:: Exercise brief ::
Please set down the data again exactly, minus the pictures.

[Data Boundary: Start]

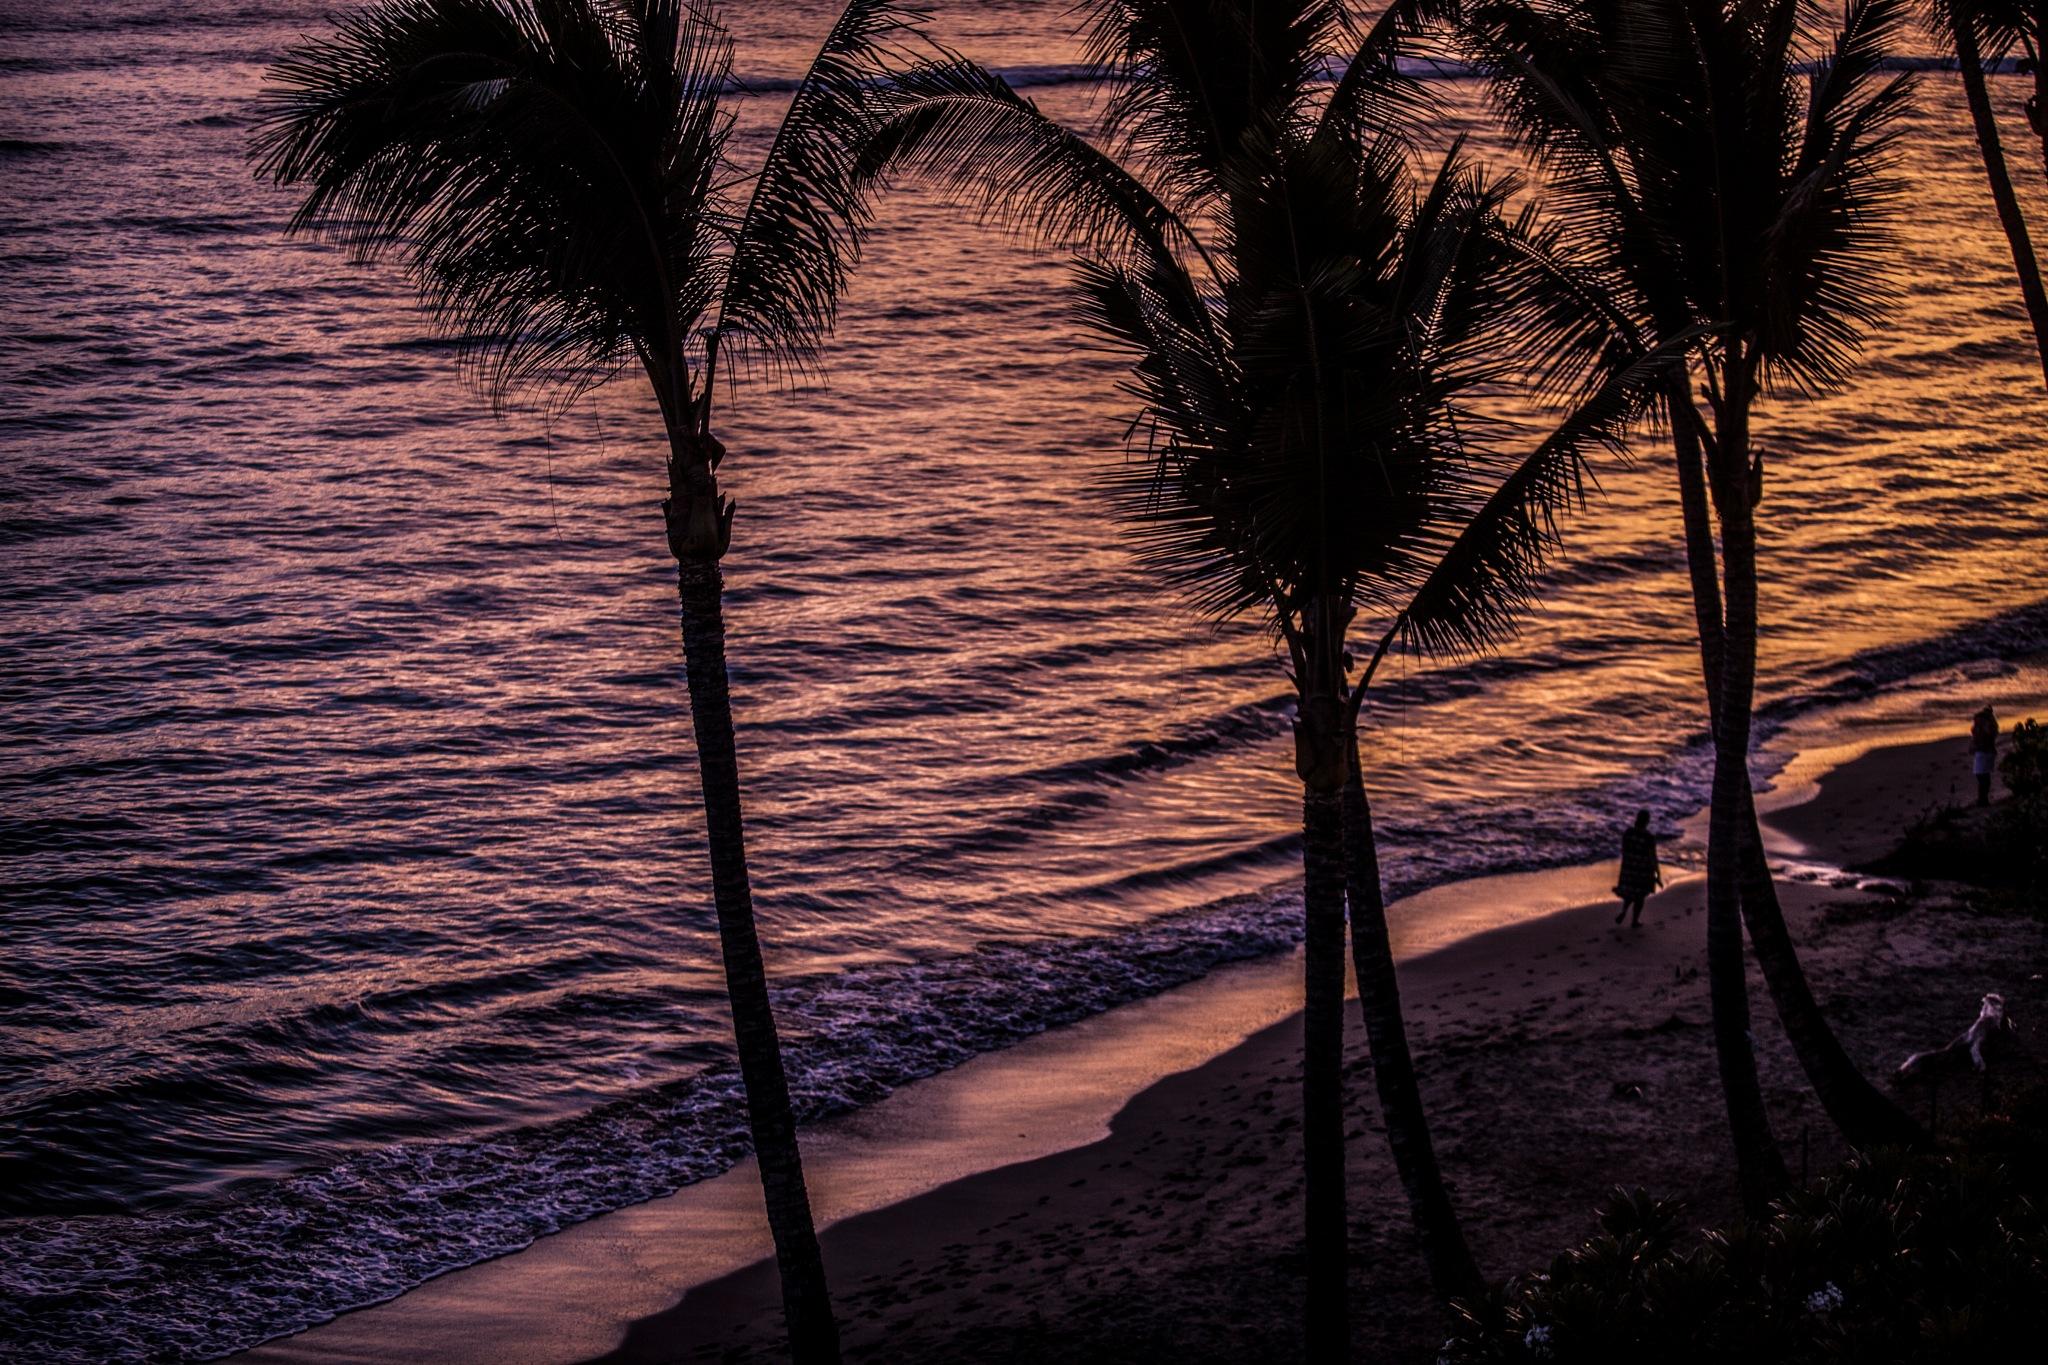 ON THE BEACH by Justine Cahn Fenu
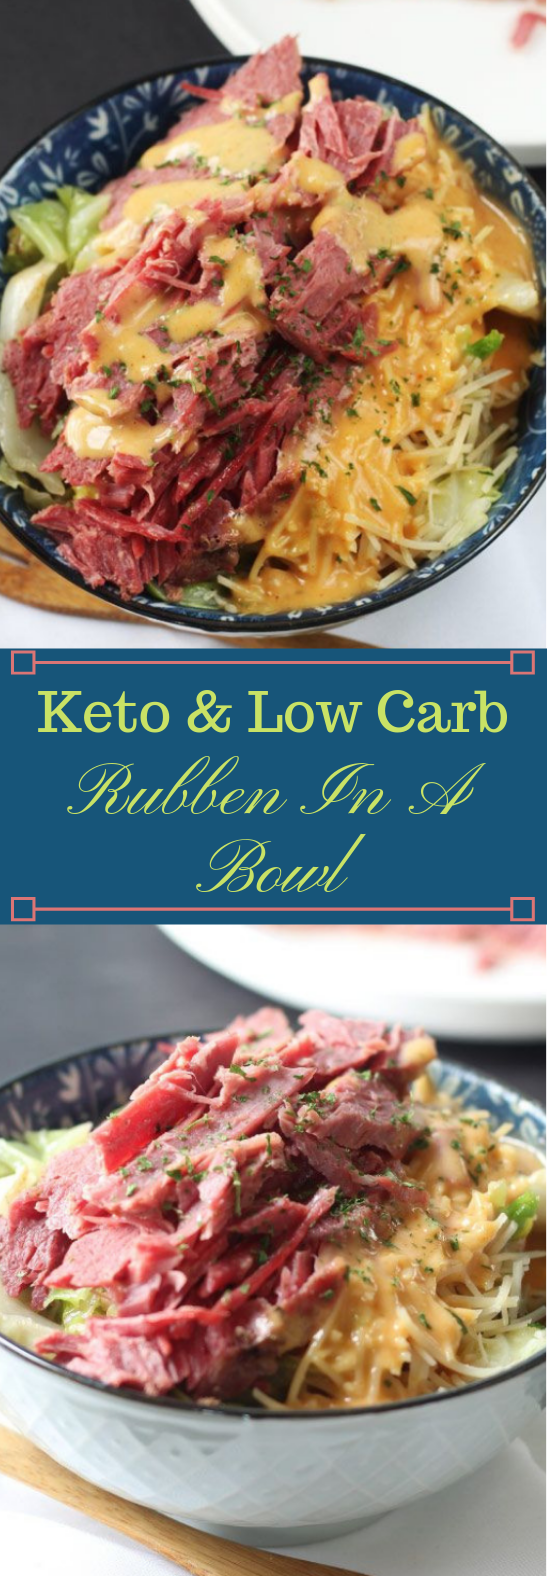 Keto & Low Carb Ruben In A Bowl #dietketo #healthyrecipes #lowcarb #whole30 #paleo
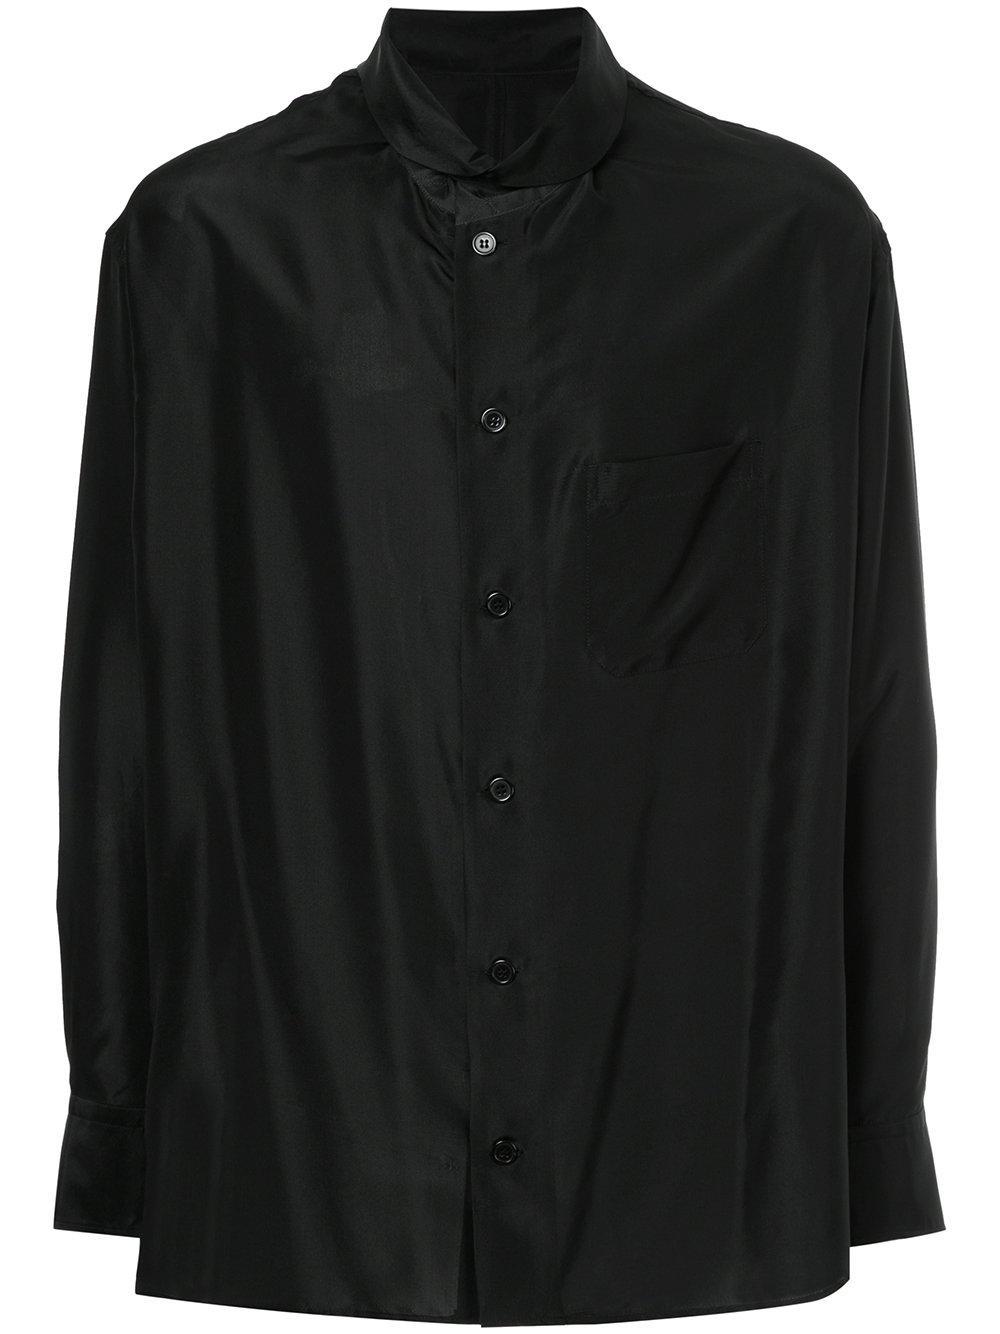 Yohji Yamamoto Round Neck Button Shirt

[Data Boundary: End]

:: Response box ::
 ON THE BEACH by Justine Cahn Fenu
 Keto & Low Carb Ruben In A Bowl #dietketo #healthyrecipes #lowcarb #whole30 #paleo
 Yohji Yamamoto Round Neck Button Shirt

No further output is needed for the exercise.